_REQUIRED WORK_
All the data below goes into the copy word for word, but the pictures don't.

_THE DATA_
BEGIN

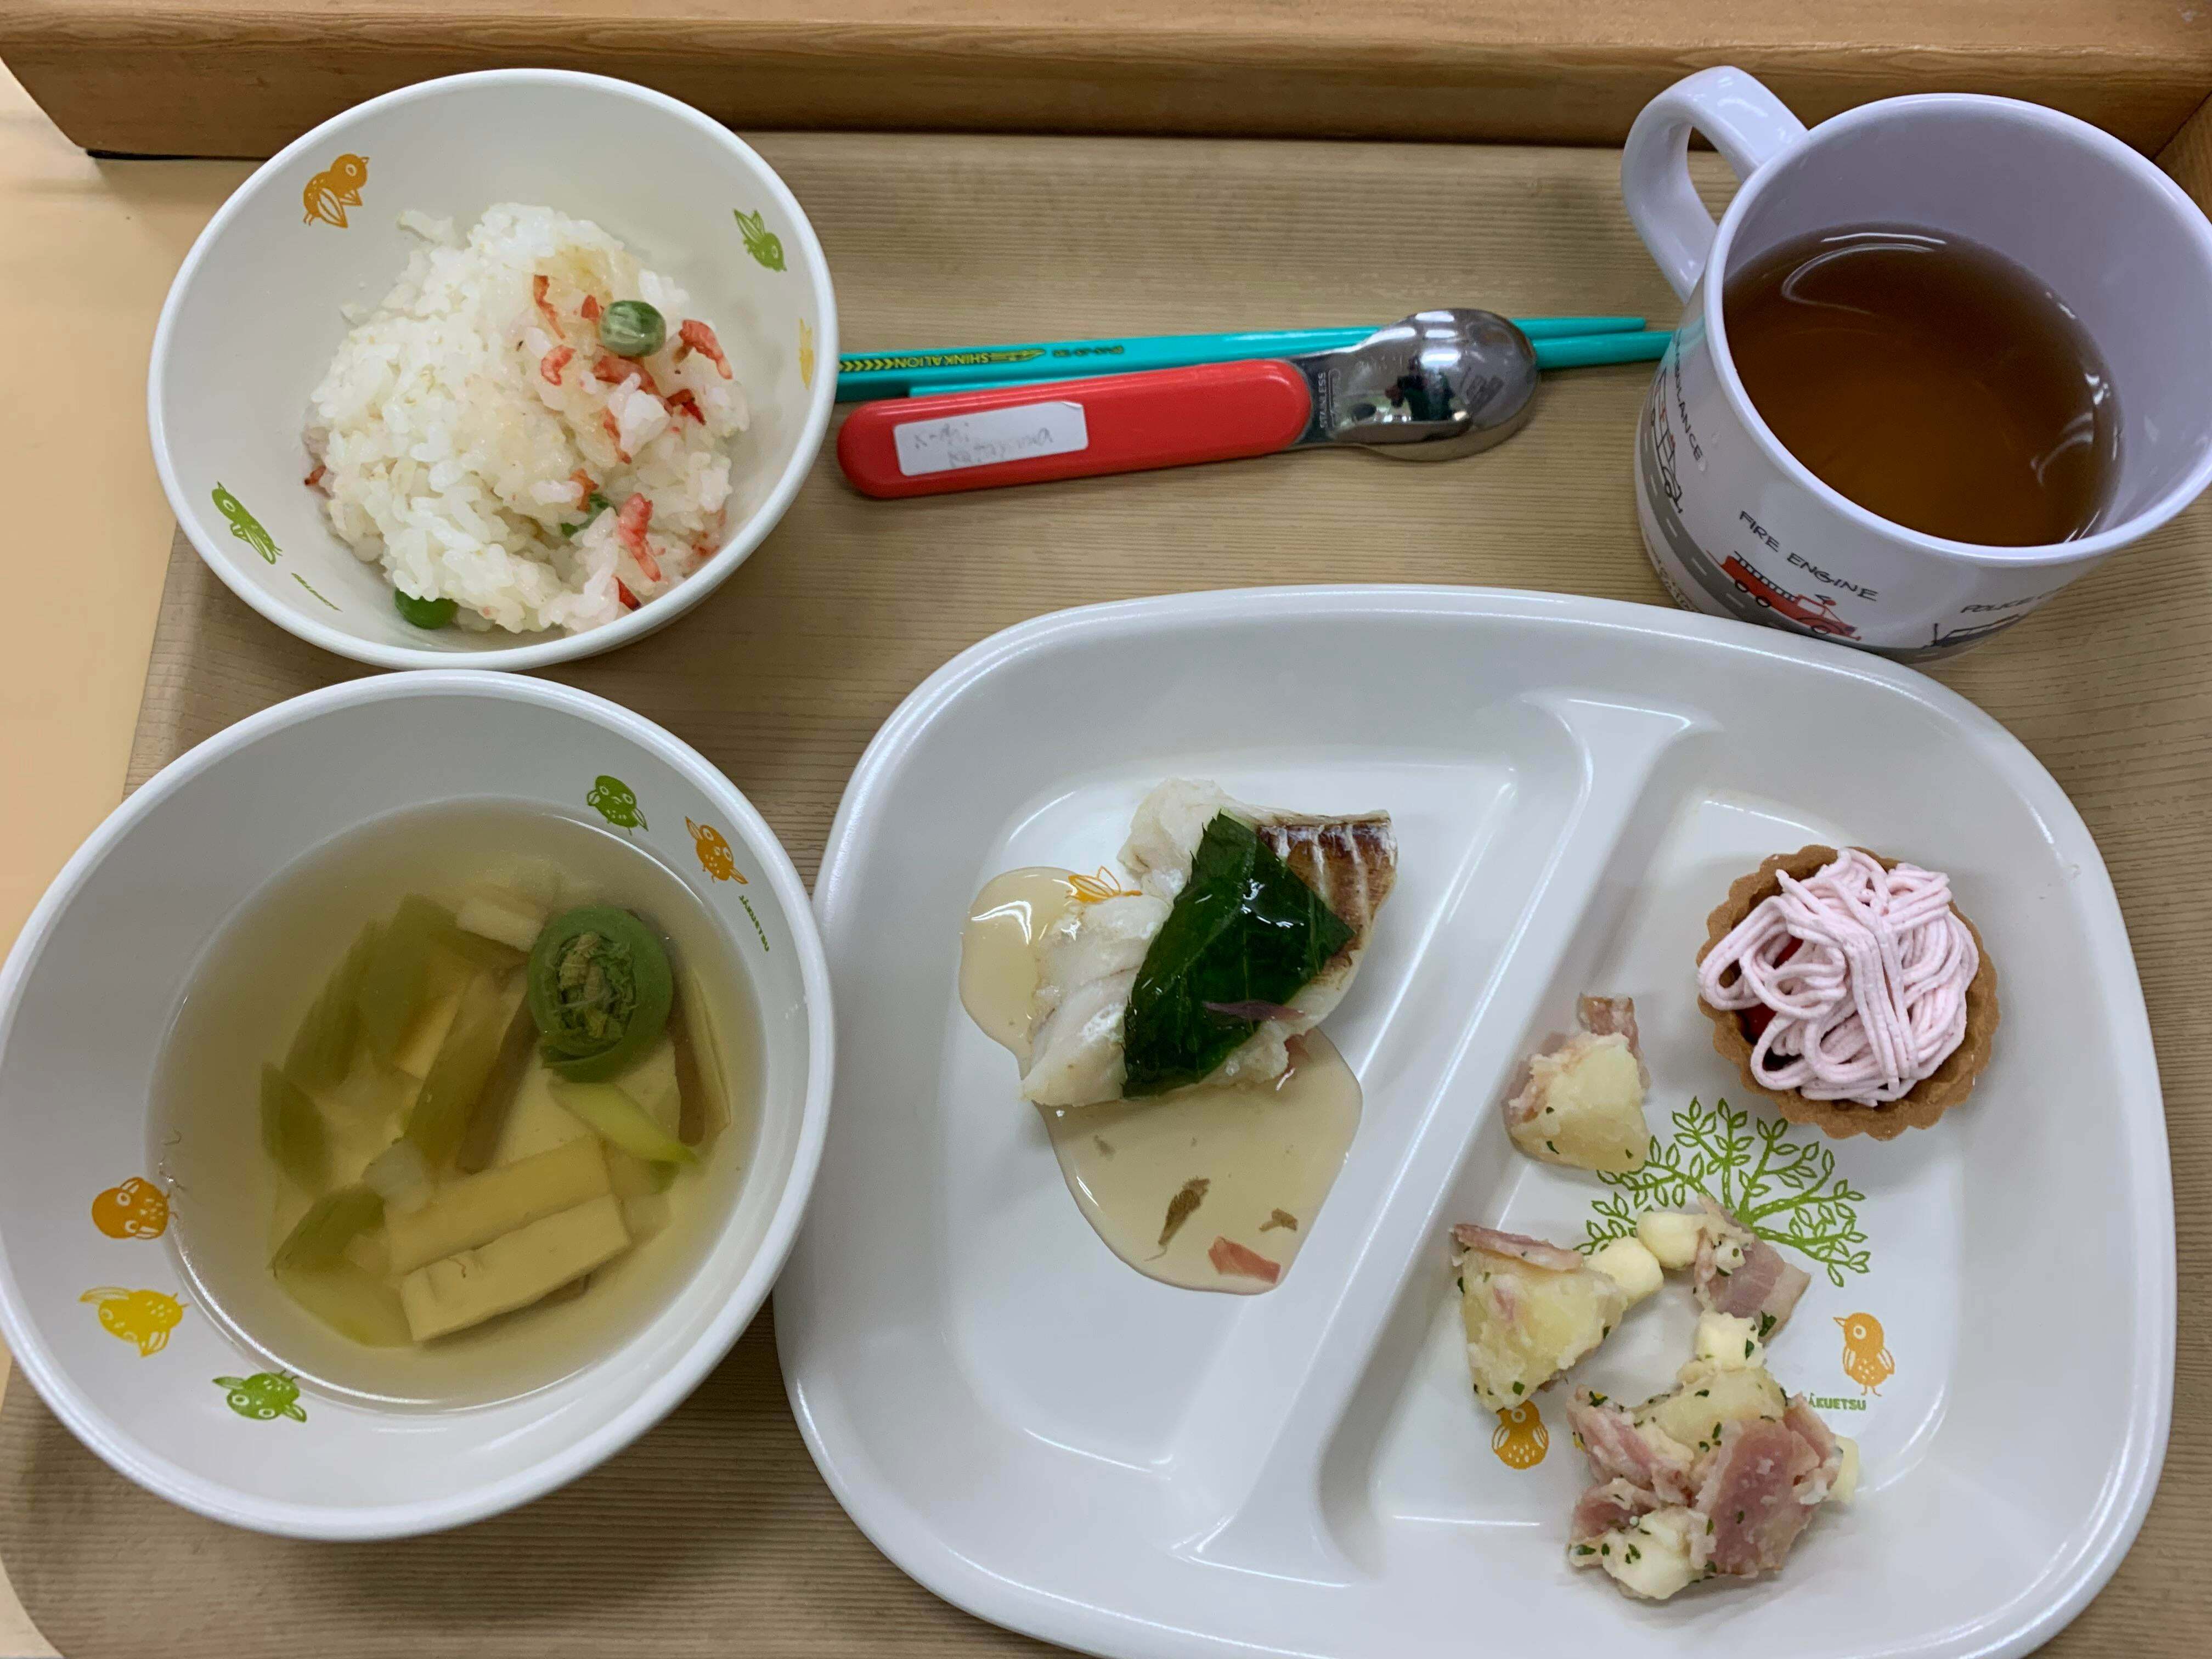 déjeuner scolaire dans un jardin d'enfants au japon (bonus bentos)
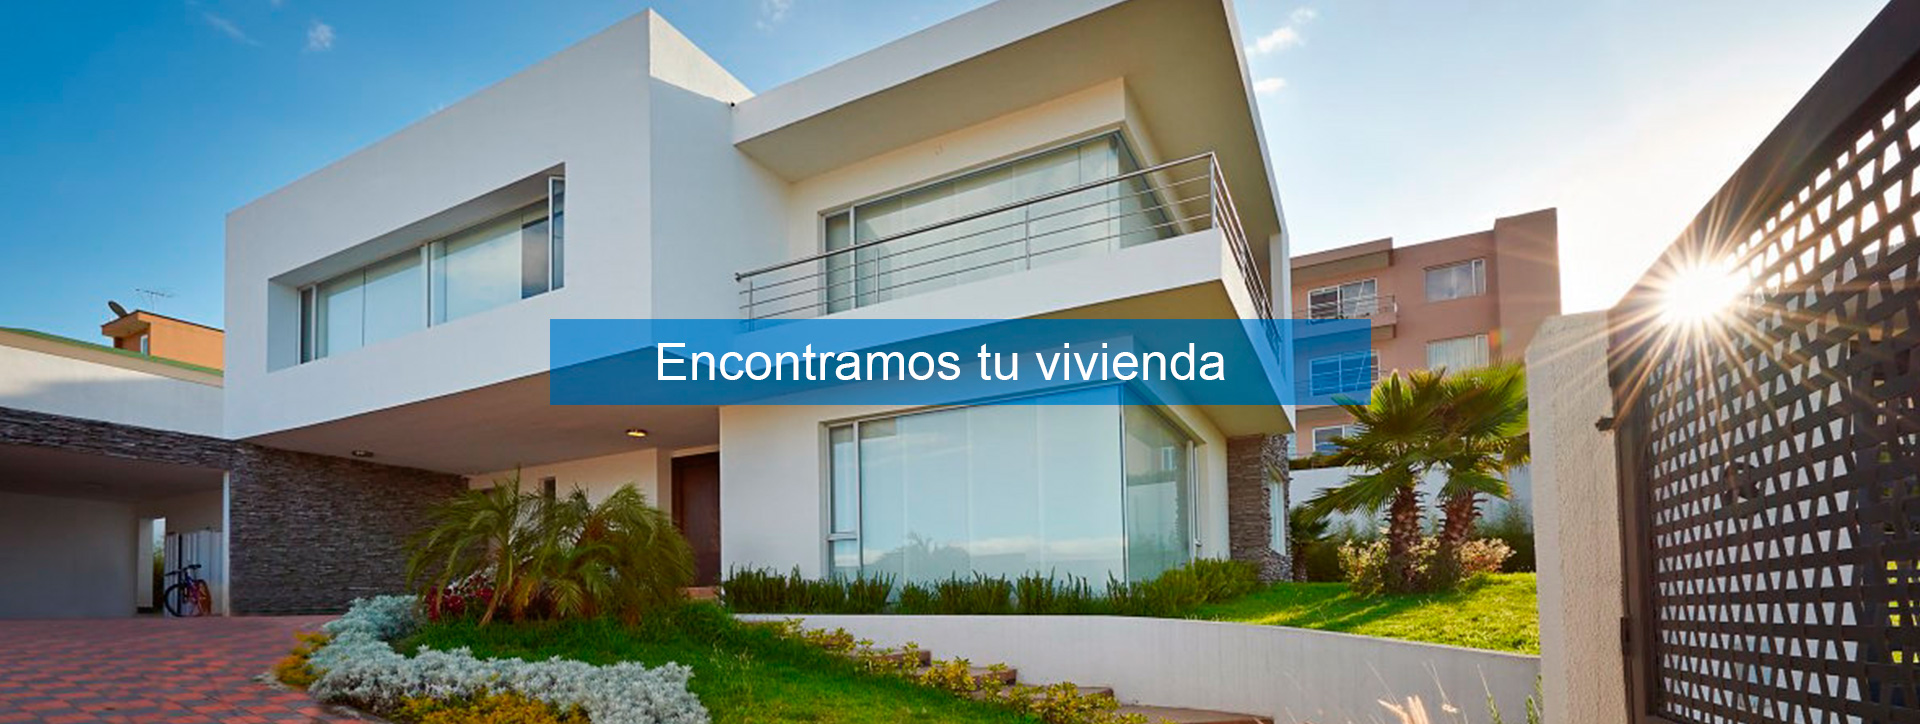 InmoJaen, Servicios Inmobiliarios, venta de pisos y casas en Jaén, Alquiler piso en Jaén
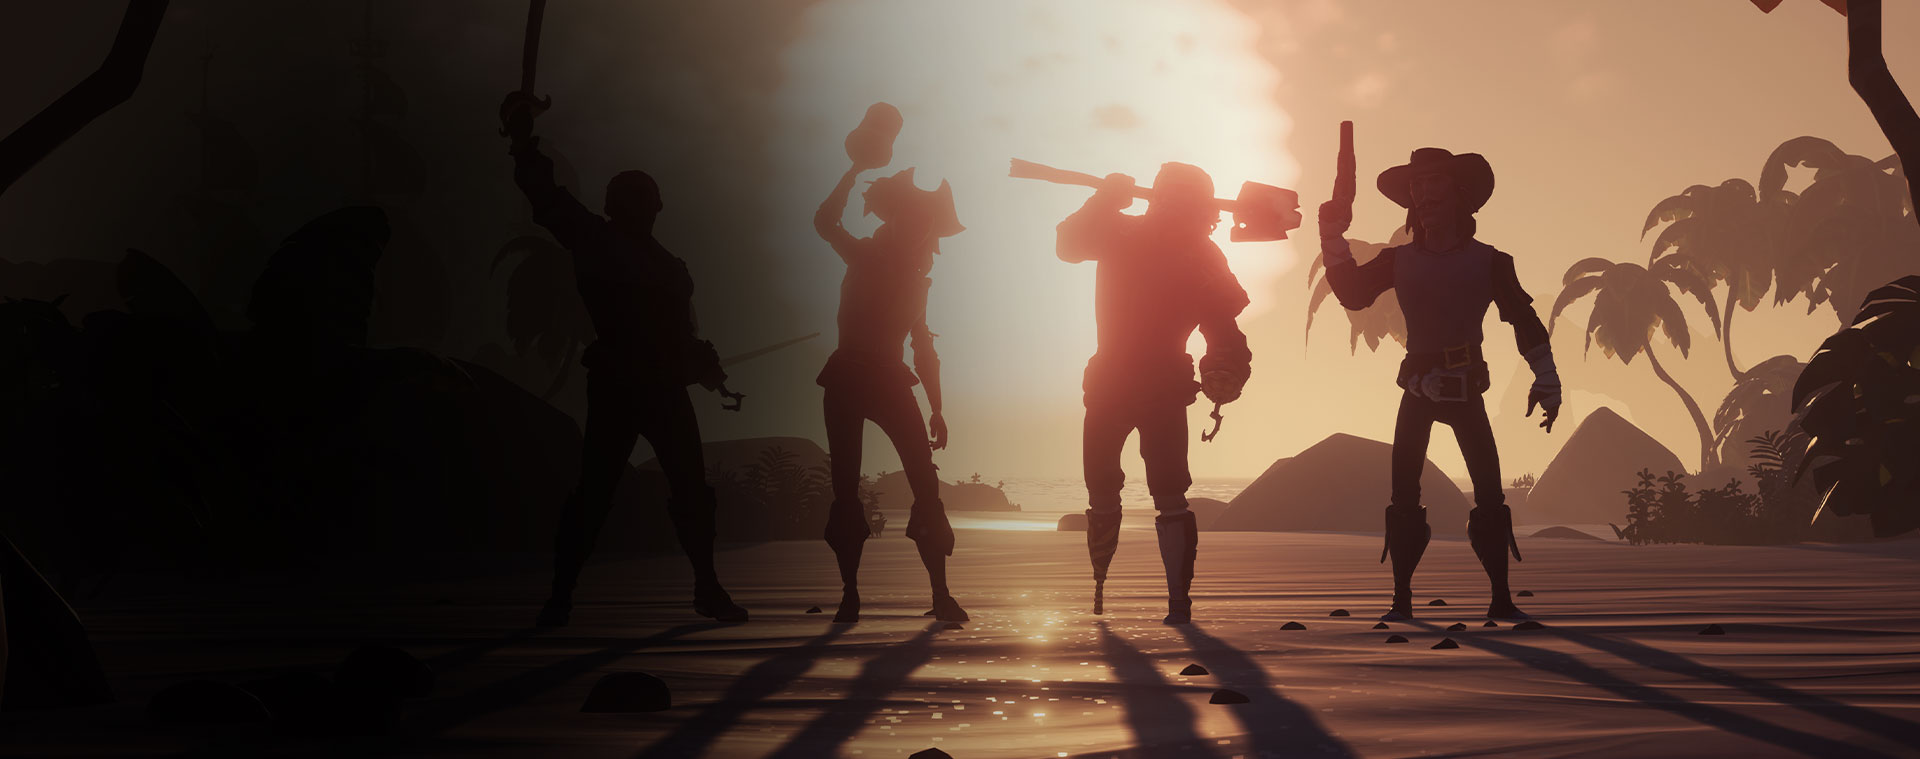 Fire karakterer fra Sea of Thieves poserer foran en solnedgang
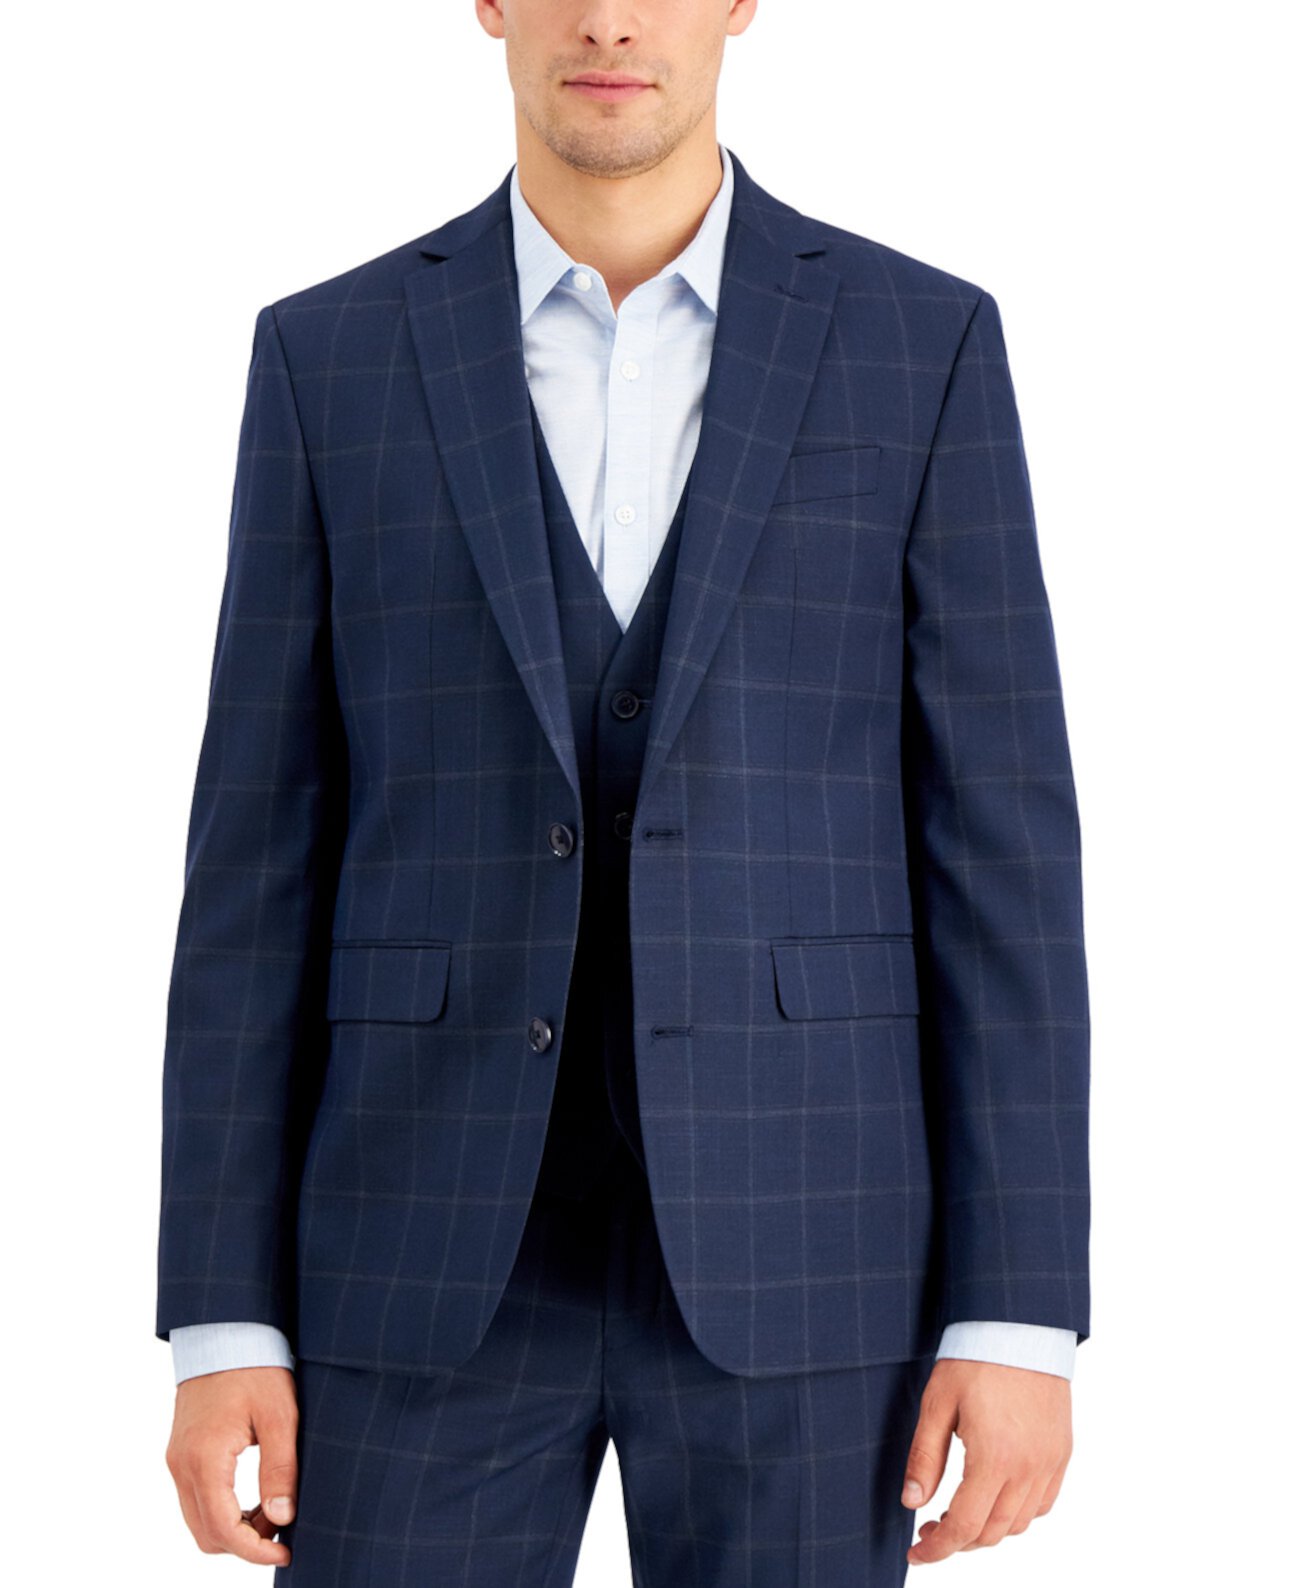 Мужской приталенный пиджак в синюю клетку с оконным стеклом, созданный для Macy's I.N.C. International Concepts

END

_REPLY_
 déjeuner scolaire dans un jardin d'enfants au japon (bonus bentos)
 InmoJaen, Servicios Inmobiliarios, venta de pisos y casas en Jaén, Alquiler piso en Jaén
 Fire karakterer fra Sea of Thieves poserer foran en solnedgang
 Мужской приталенный пиджак в синюю клетку с оконным стеклом, созданный для Macy's I.N.C. International Concepts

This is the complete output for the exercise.